Top of Dataset records

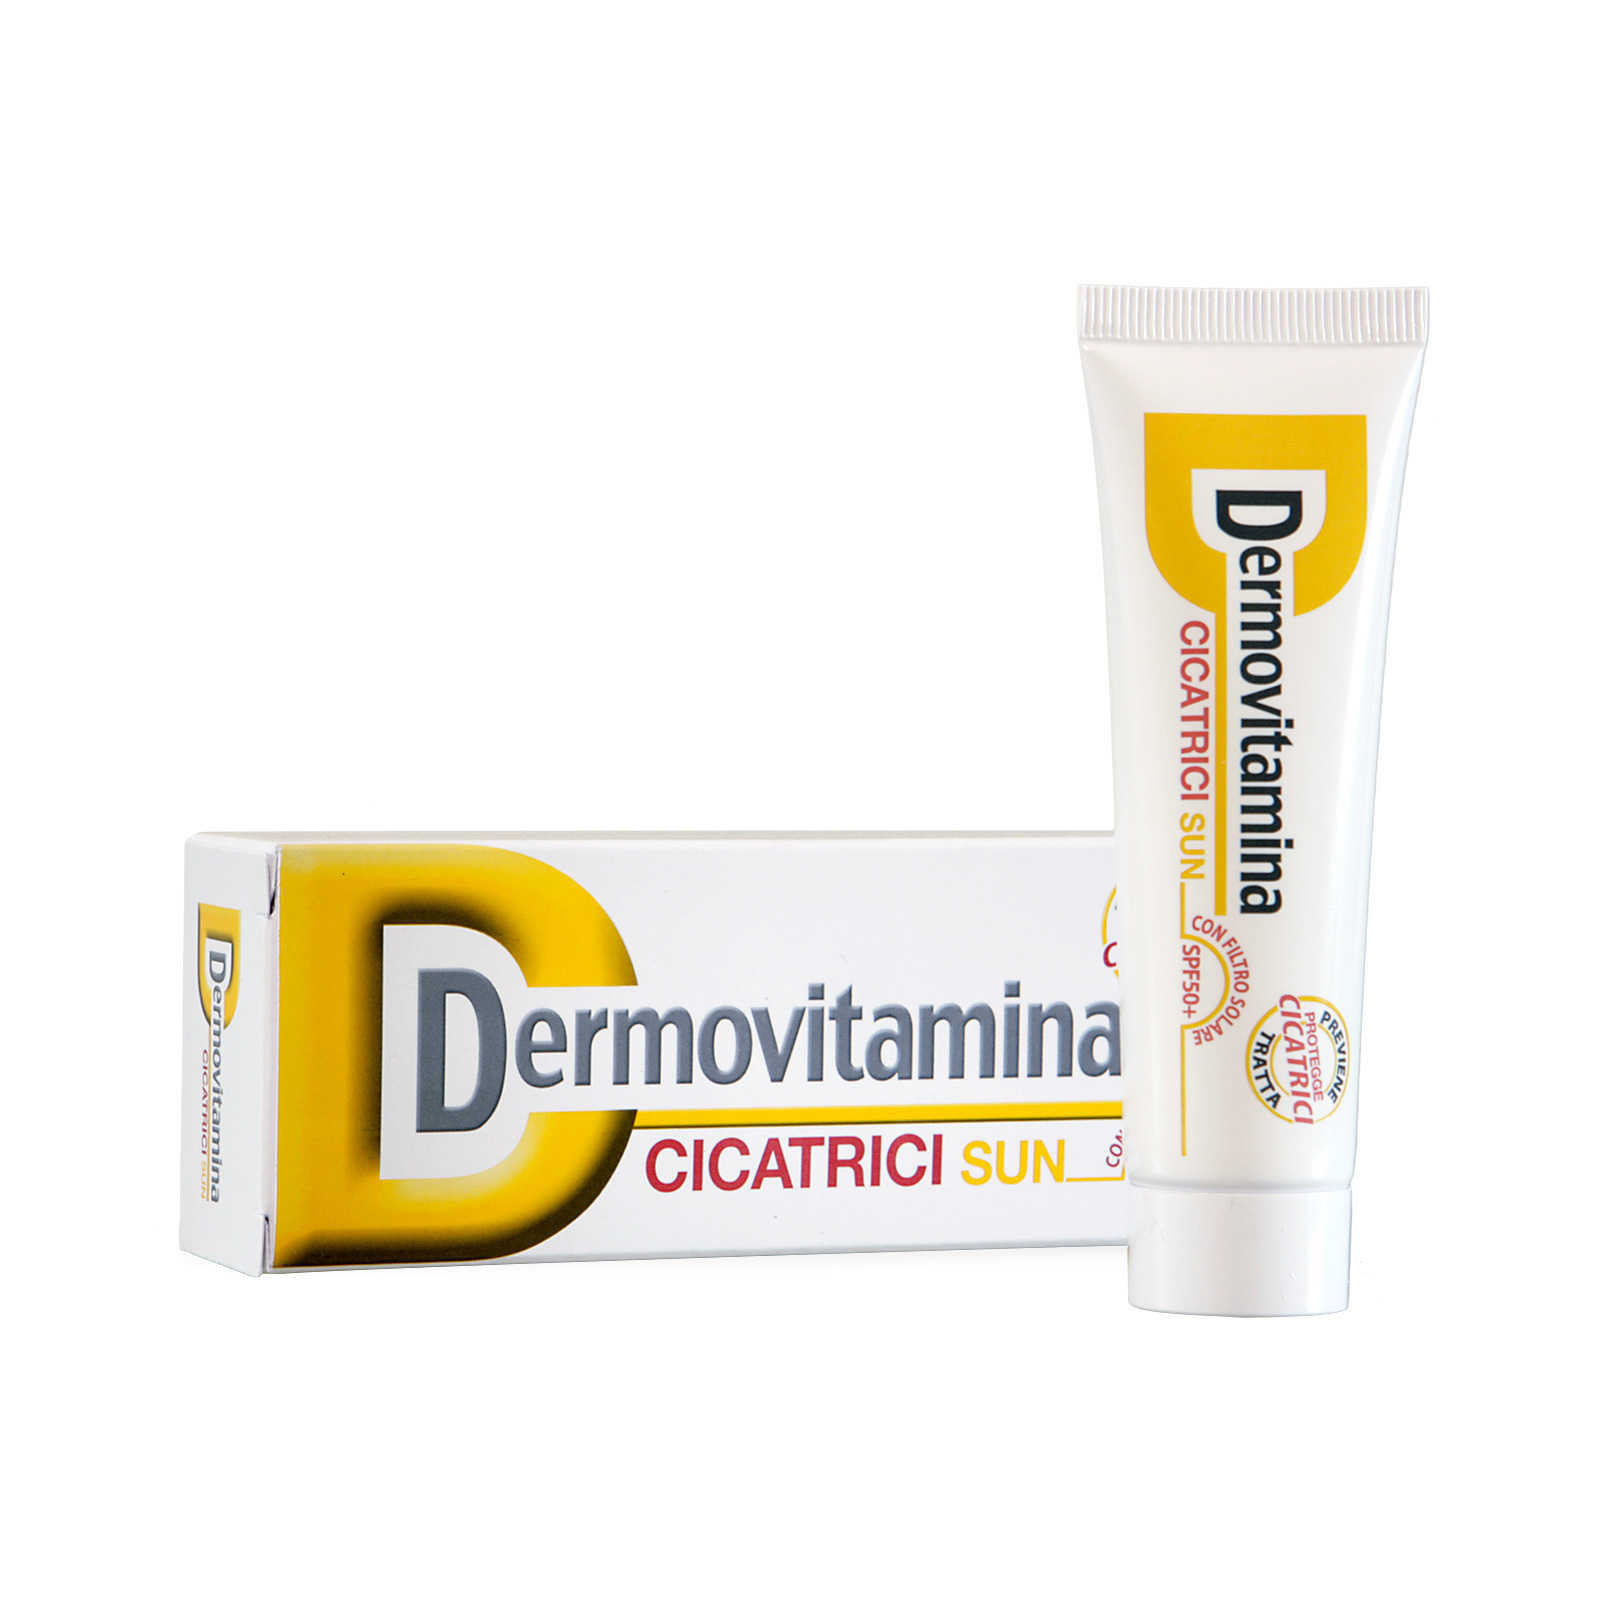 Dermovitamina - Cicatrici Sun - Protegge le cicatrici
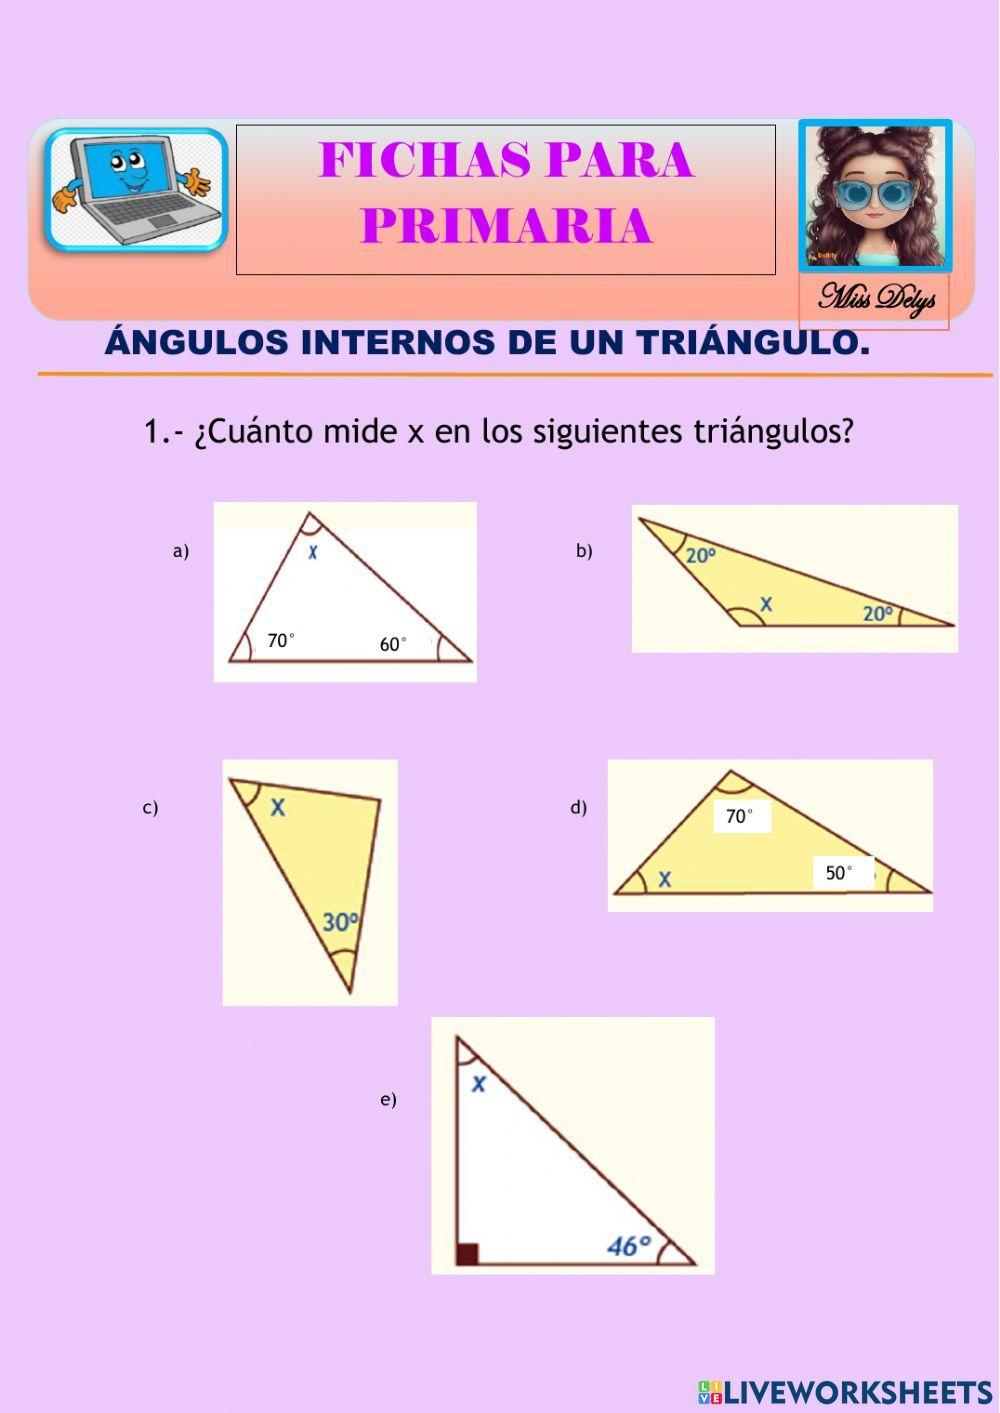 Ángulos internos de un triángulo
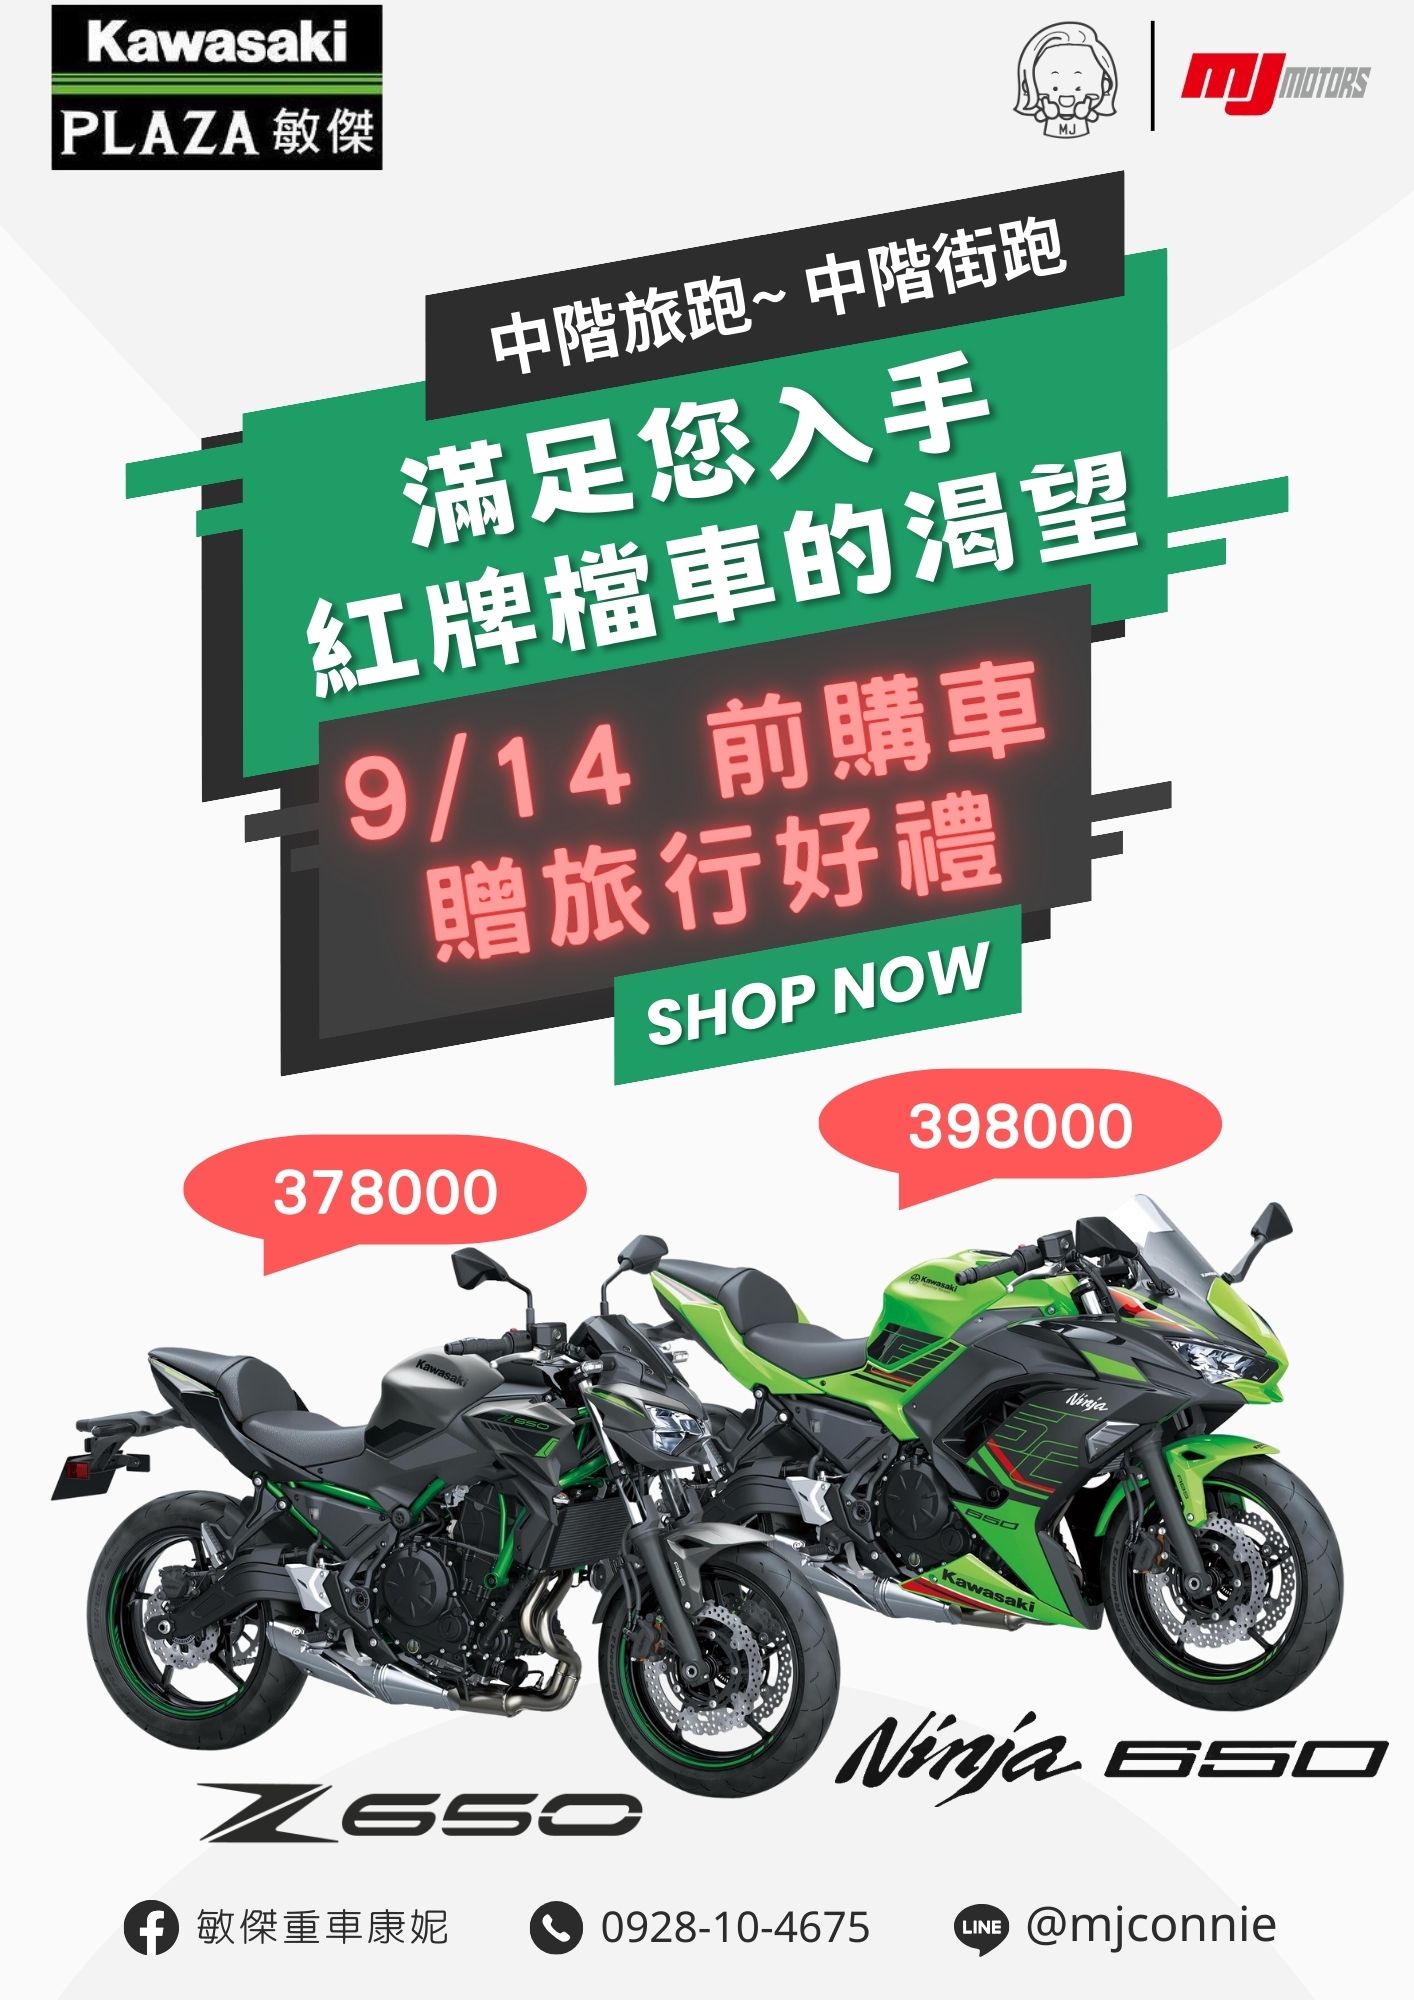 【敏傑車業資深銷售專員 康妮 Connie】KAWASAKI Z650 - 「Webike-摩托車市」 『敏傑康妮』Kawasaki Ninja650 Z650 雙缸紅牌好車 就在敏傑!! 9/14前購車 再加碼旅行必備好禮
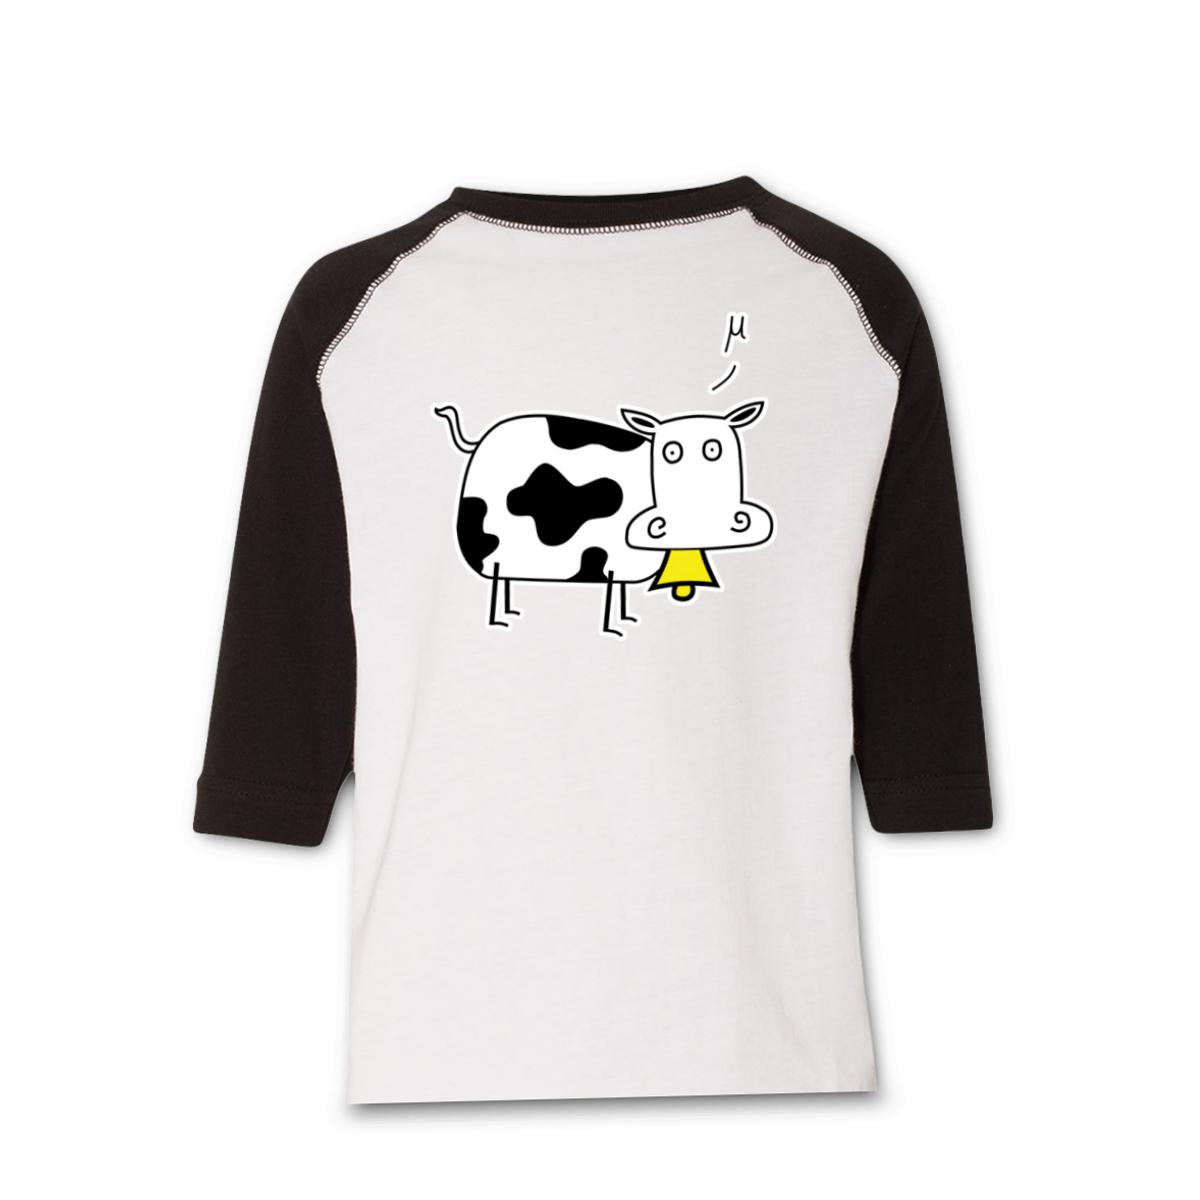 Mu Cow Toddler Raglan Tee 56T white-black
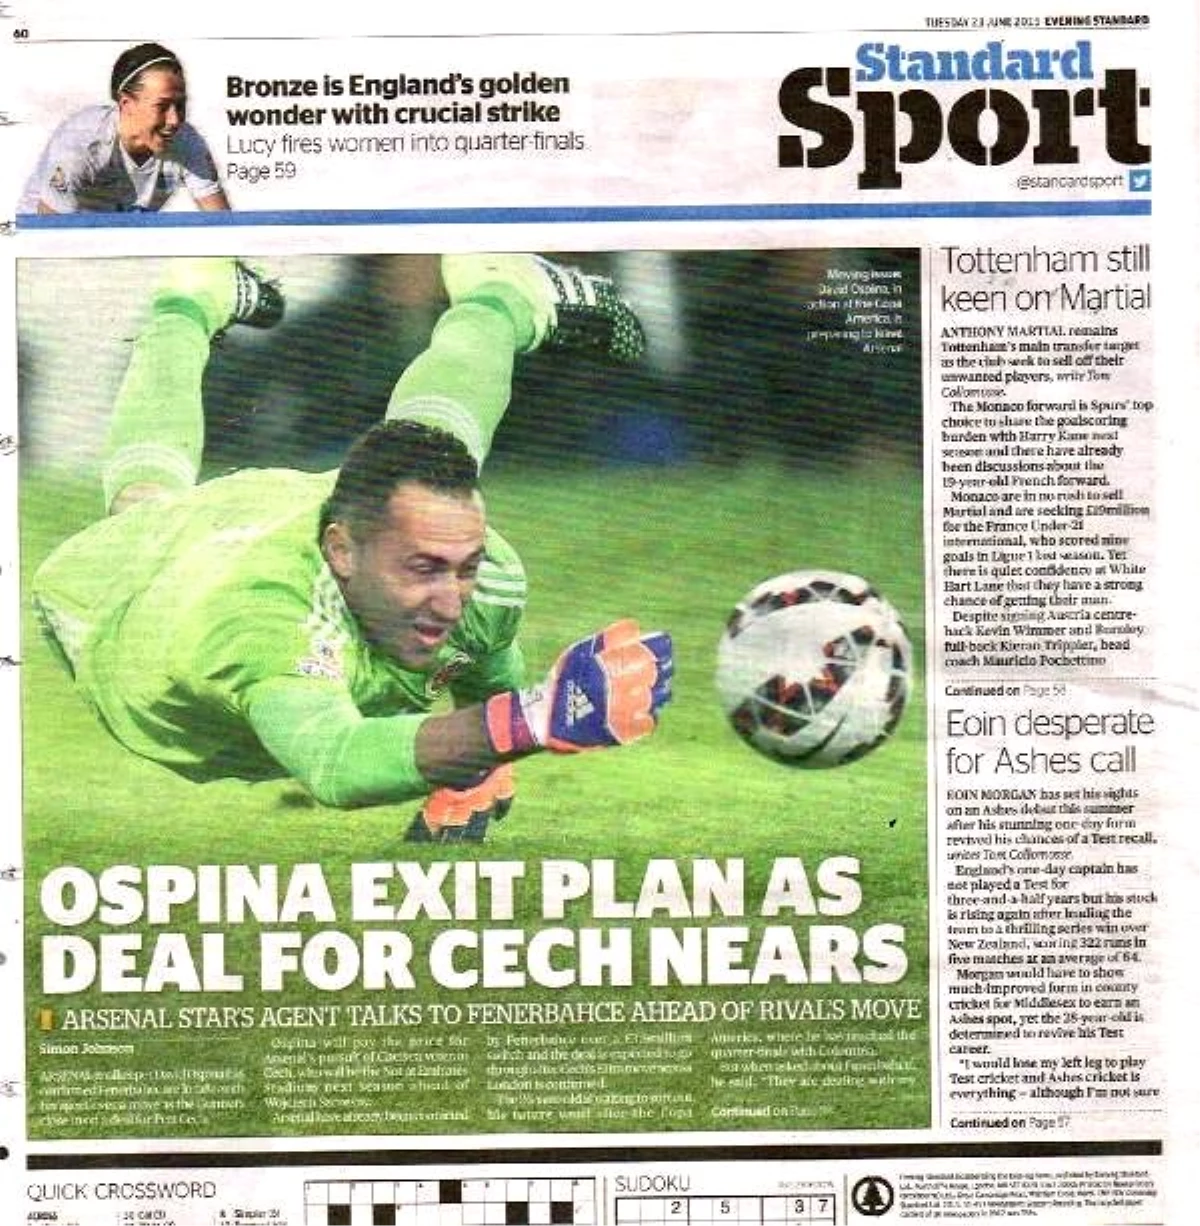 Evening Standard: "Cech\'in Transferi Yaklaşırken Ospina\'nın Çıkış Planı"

Bottom of Dataset records

- **Problem requirements**: Without the images, output all the entries exactly as they stand.

- **Exercise answer**:
 Dermovitamina - Cicatrici Sun - Protegge le cicatrici
 Ángulos internos de un triángulo
 【敏傑車業資深銷售專員 康妮 Connie】KAWASAKI Z650 - 「Webike-摩托車市」 『敏傑康妮』Kawasaki Ninja650 Z650 雙缸紅牌好車 就在敏傑!! 9/14前購車 再加碼旅行必備好禮
 Mu Cow Toddler Raglan Tee 56T white-black
 Evening Standard: "Cech\'in Transferi Yaklaşırken Ospina\'nın Çıkış Planı"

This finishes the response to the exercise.